**Directions**. Here the job is to repeat the listing exactly, but not the pictures in it.

**Source data**.

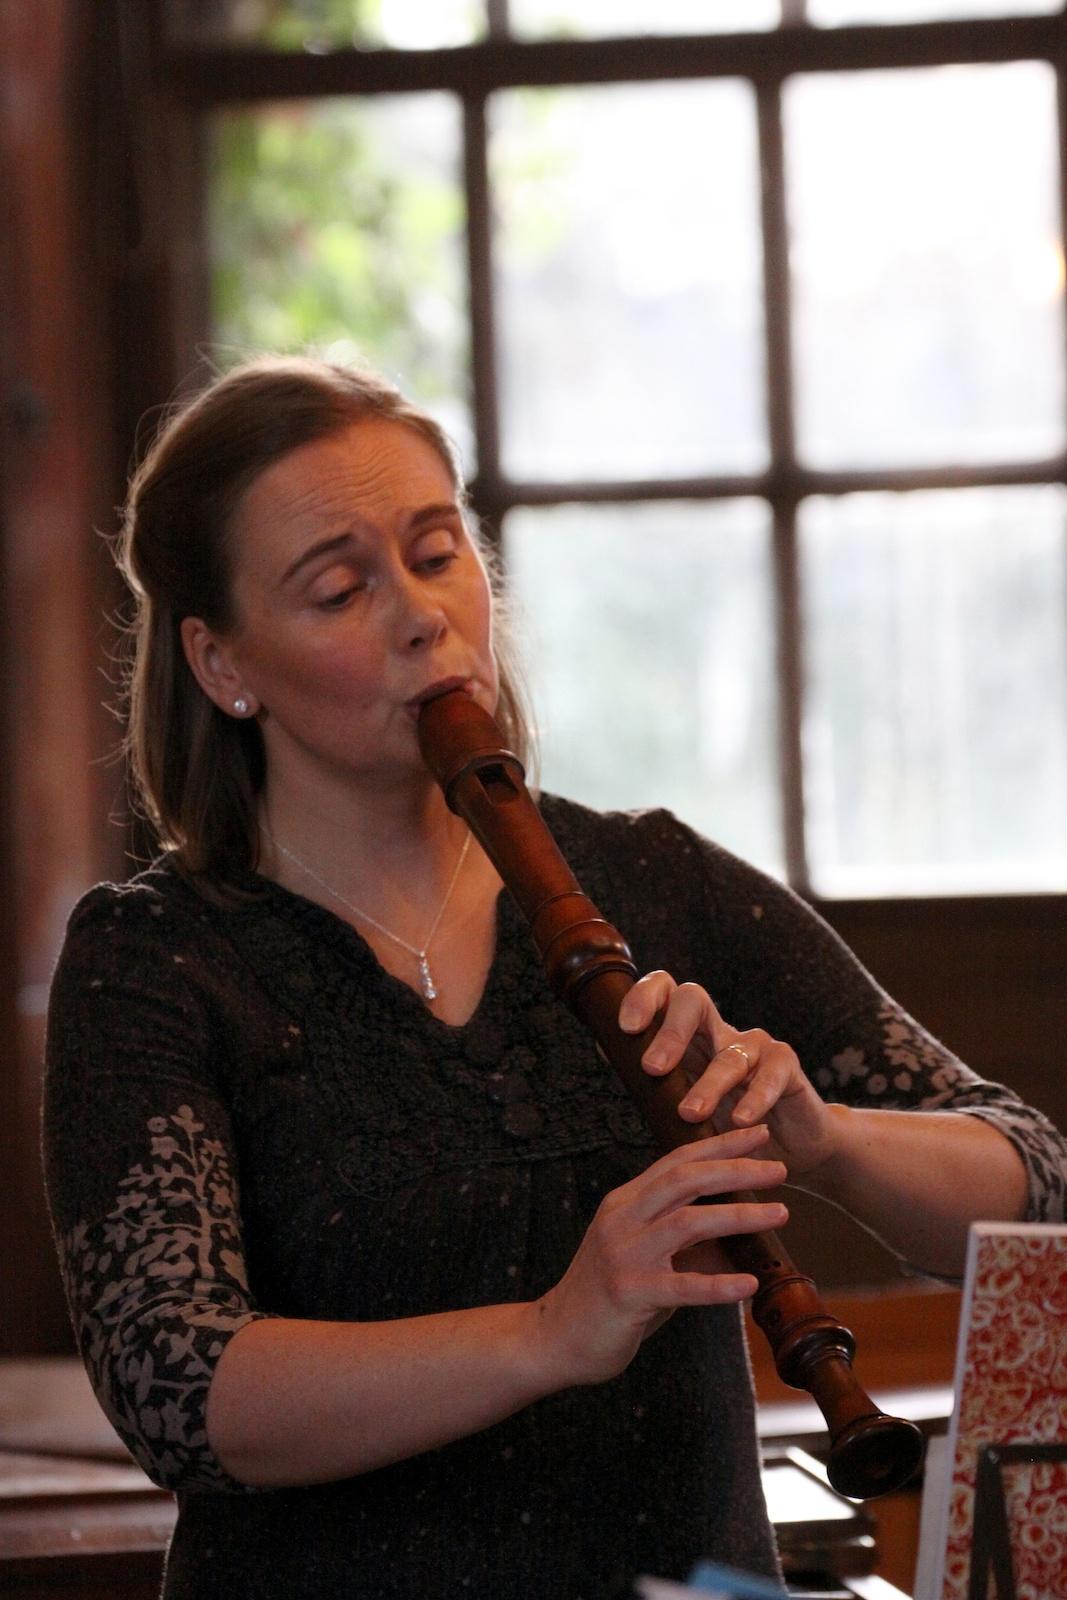 Louise Bradbury playing recorder
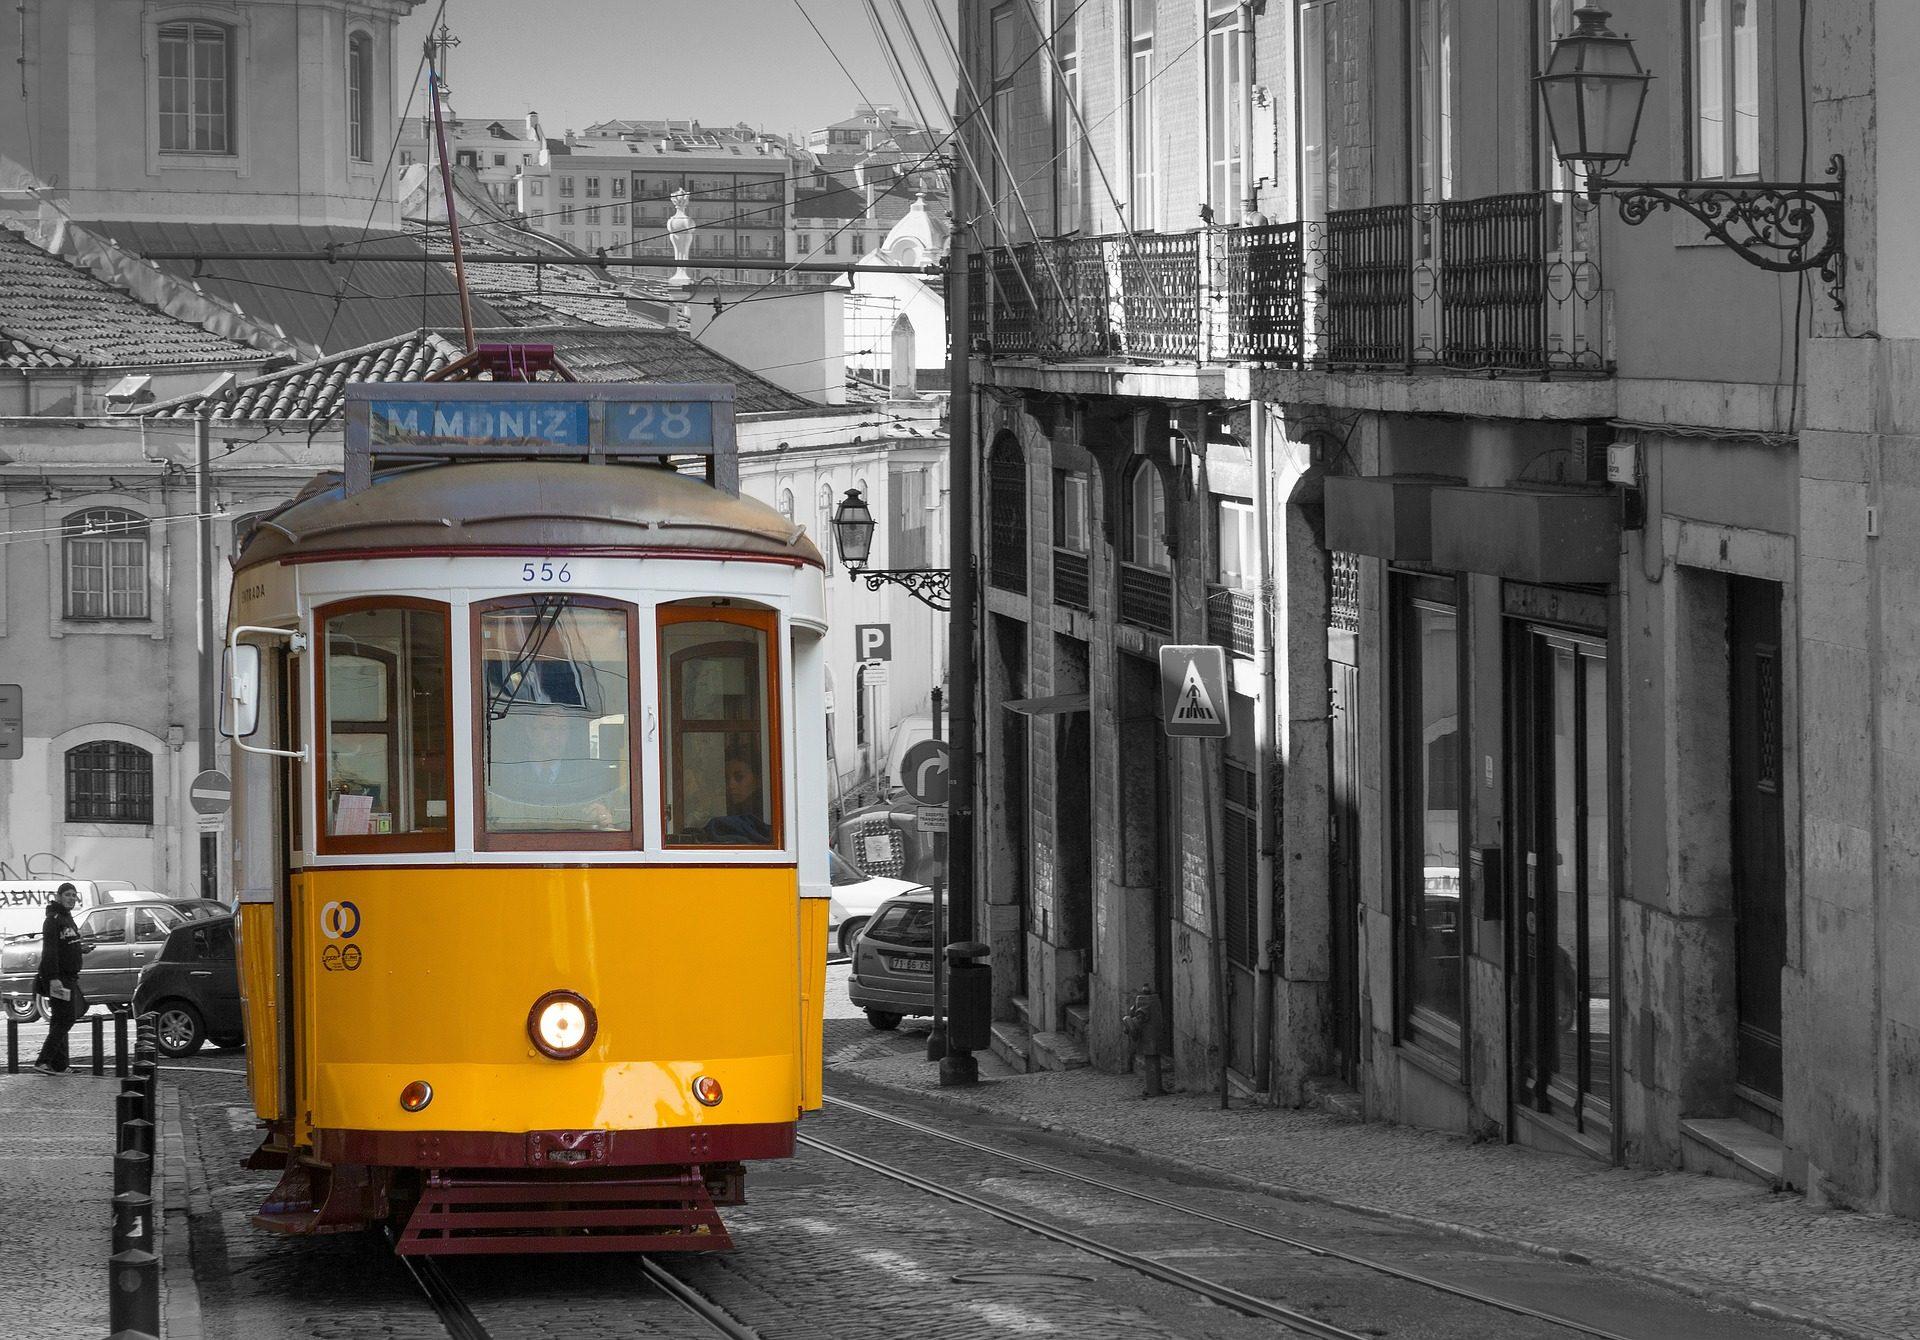 Трамвай, Рельсы, Улица, Город, Лиссабон, Португалия, в черно-белом - Обои HD - Профессор falken.com
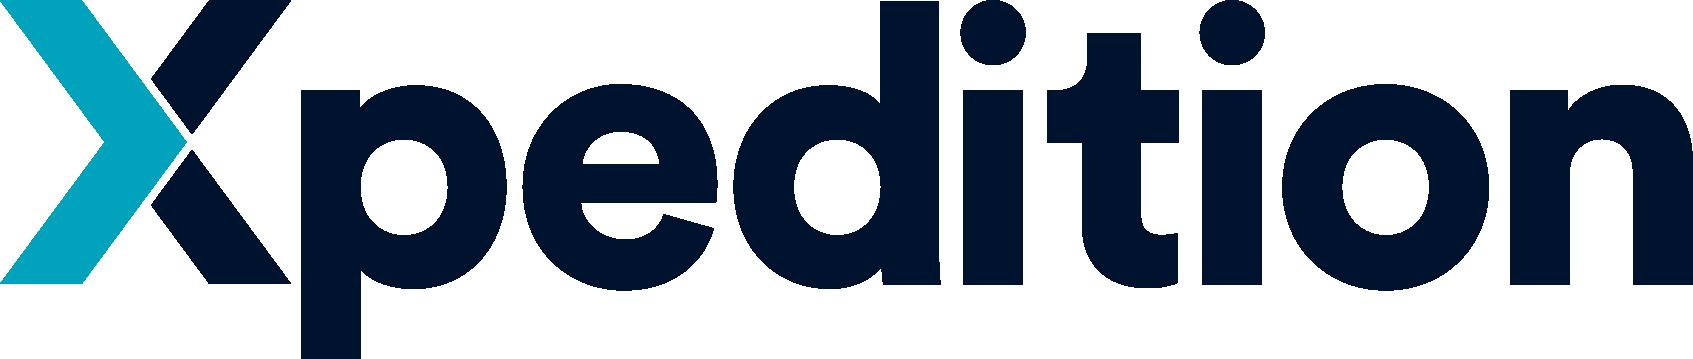 Xpedition_Logo_RGB

**Task solution**.
 Louise Bradbury playing recorder
 Трамвай, Рельсы, Улица, Город, Лиссабон, Португалия, в черно-белом - Обои HD - Профессор falken.com
 Xpedition_Logo_RGB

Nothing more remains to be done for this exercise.